# Bike Riding



## Denise1952 (Dec 11, 2014)

*Bike Riding*
A priest was about to finish his tour of duty, and was leaving his mission in the jungle, where he had spent years teaching the natives in their own language, when he realized that the one thing he never taught them was how to speak English.​​So he took the chief for a walk in the forest. 

The priest pointed to a tree and said to the chief, "This is a tree." 

The chief looked at the tree and grunted, "Tree." 

The priest was pleased with the response. 

They walked a little further and the priest pointed to a rock and said, "This is a rock." 

The chief looked and grunted, "Rock." 

The priest was really getting enthusiastic about the results when he heard a rustling in the bushes. 

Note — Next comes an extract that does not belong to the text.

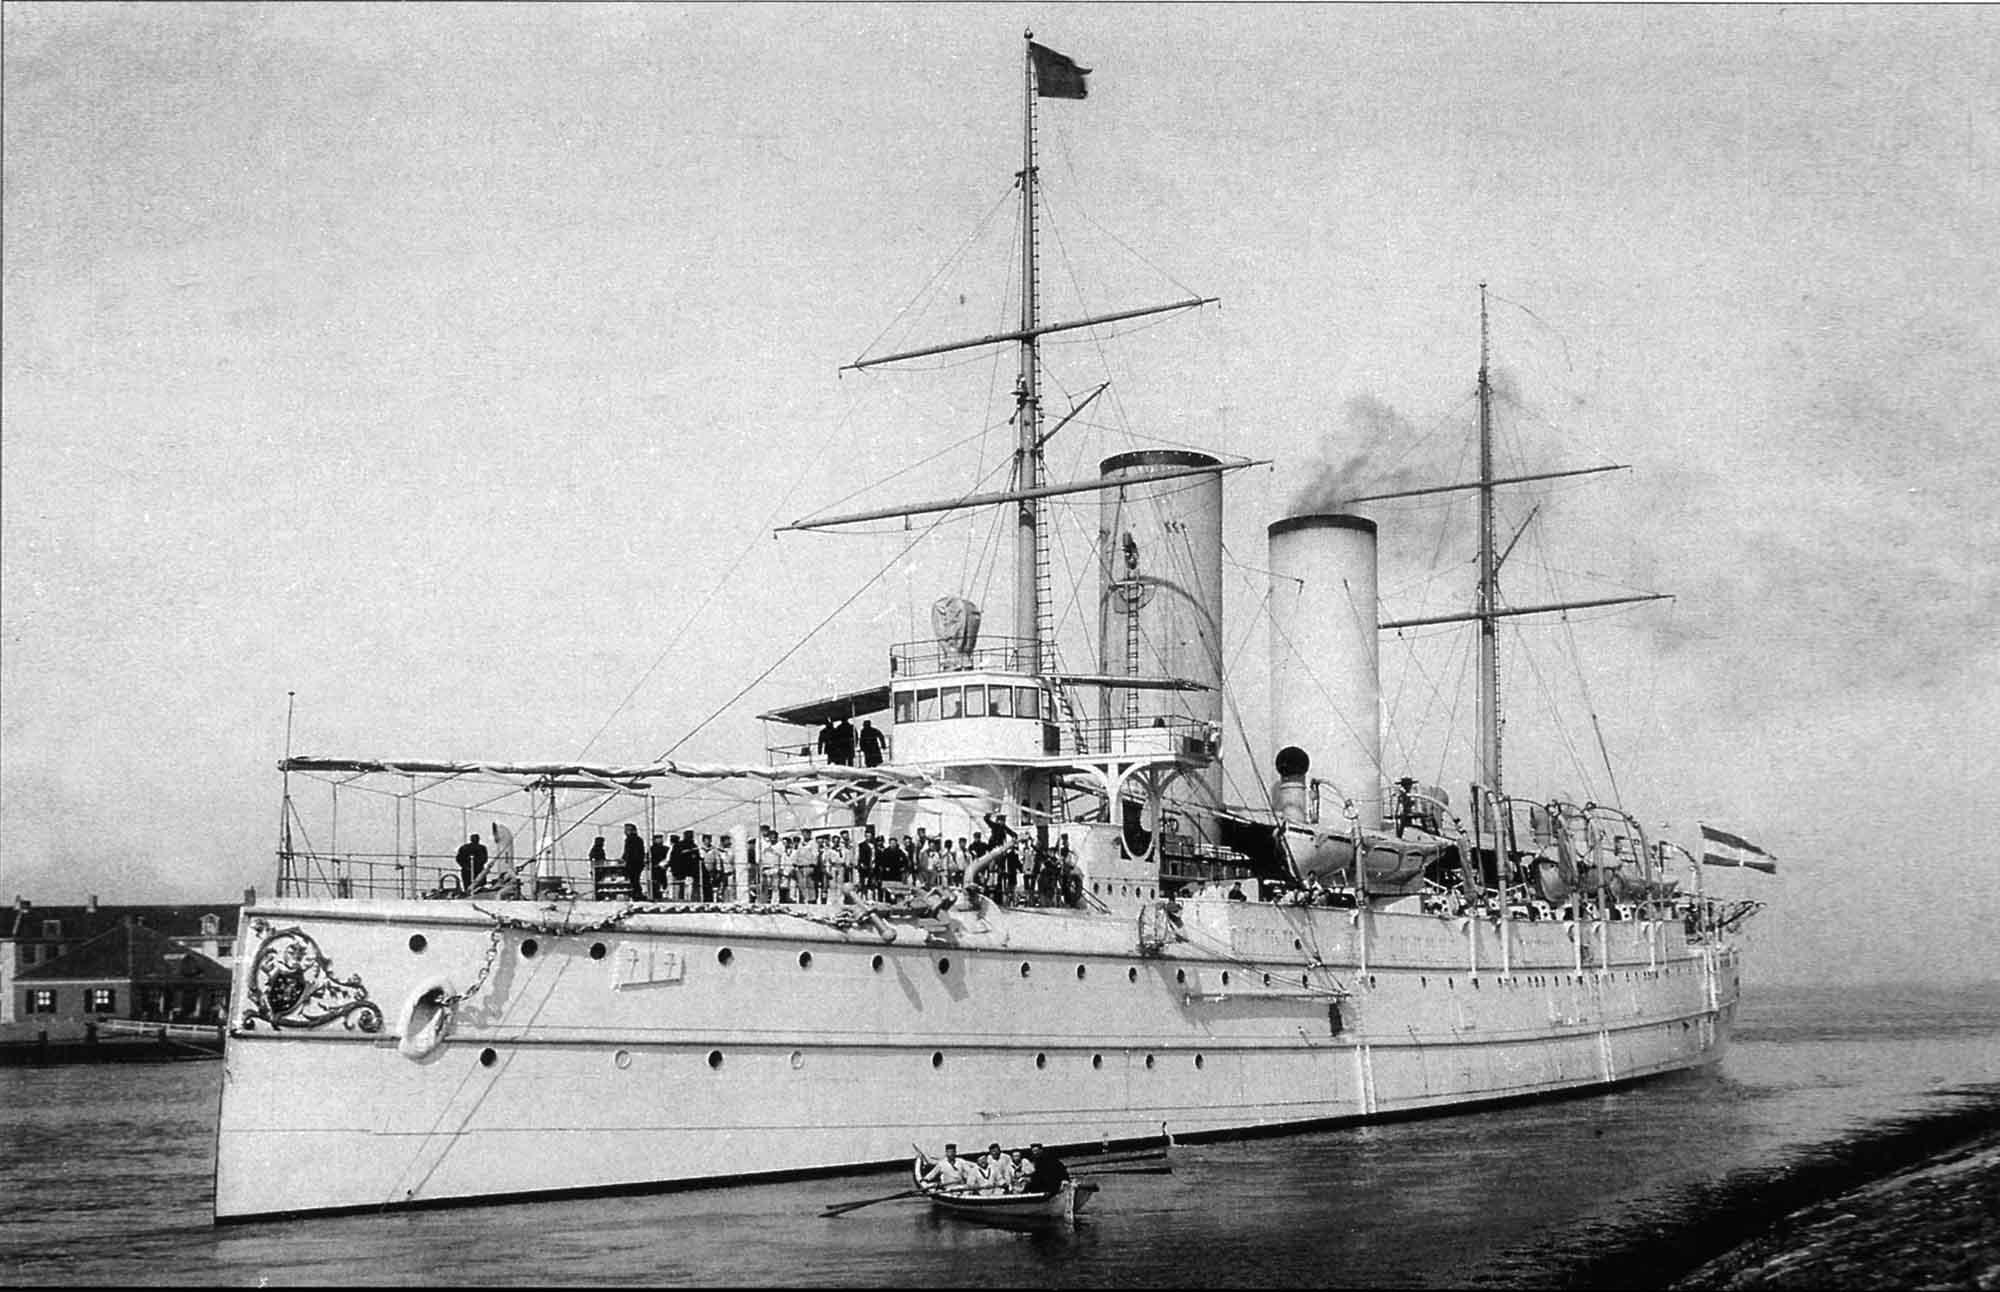 Holland class cruisers
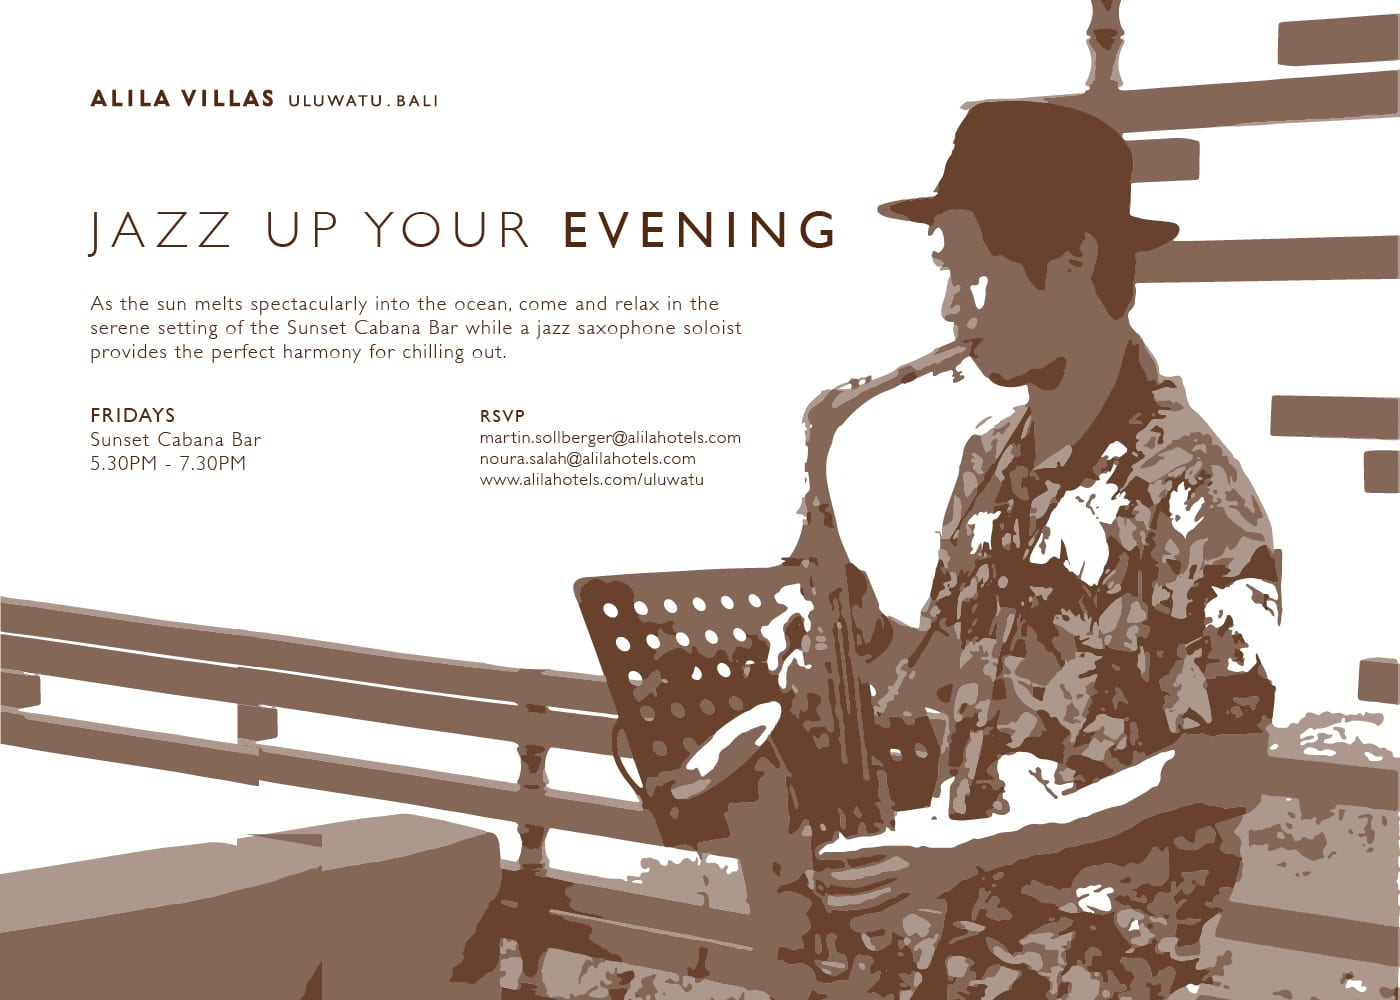 Alila Villas Uluwatu : Jazz Up Your Evening

As they peeked over the top of the bushes, he saw a couple of natives in the midst of heavy ****** activity. 

The priest was really flustered and quickly said, "Man riding a bike." 

The chief looked at the couple briefly, pulled out his blowgun and killed them both. The priest went ballistic and yelled at the chief that he had spent years teaching the tribe how to be civilized and be kind to each other, so how could he kill these people in cold blood that way? 
>
>

>
>
>


And the chief replied, "My  bike."


----------



## Pappy (Dec 11, 2014)

OMG... Love it.:lofl:

I don't know if I can ride my bike in the morning after reading this.


----------



## Denise1952 (Dec 11, 2014)

It's just like having sex, it will all come back to you Pappy, LOL


----------



## Cookie (Dec 11, 2014)

Thanks for the laugh Denise - I needed that.


----------



## Pappy (Dec 11, 2014)

Sex, Denise? :dunno:Had to google that.


----------



## Denise1952 (Dec 11, 2014)

LOL, I'm speechless Pappy, LOL!!  Just ride your bike, LOL!


----------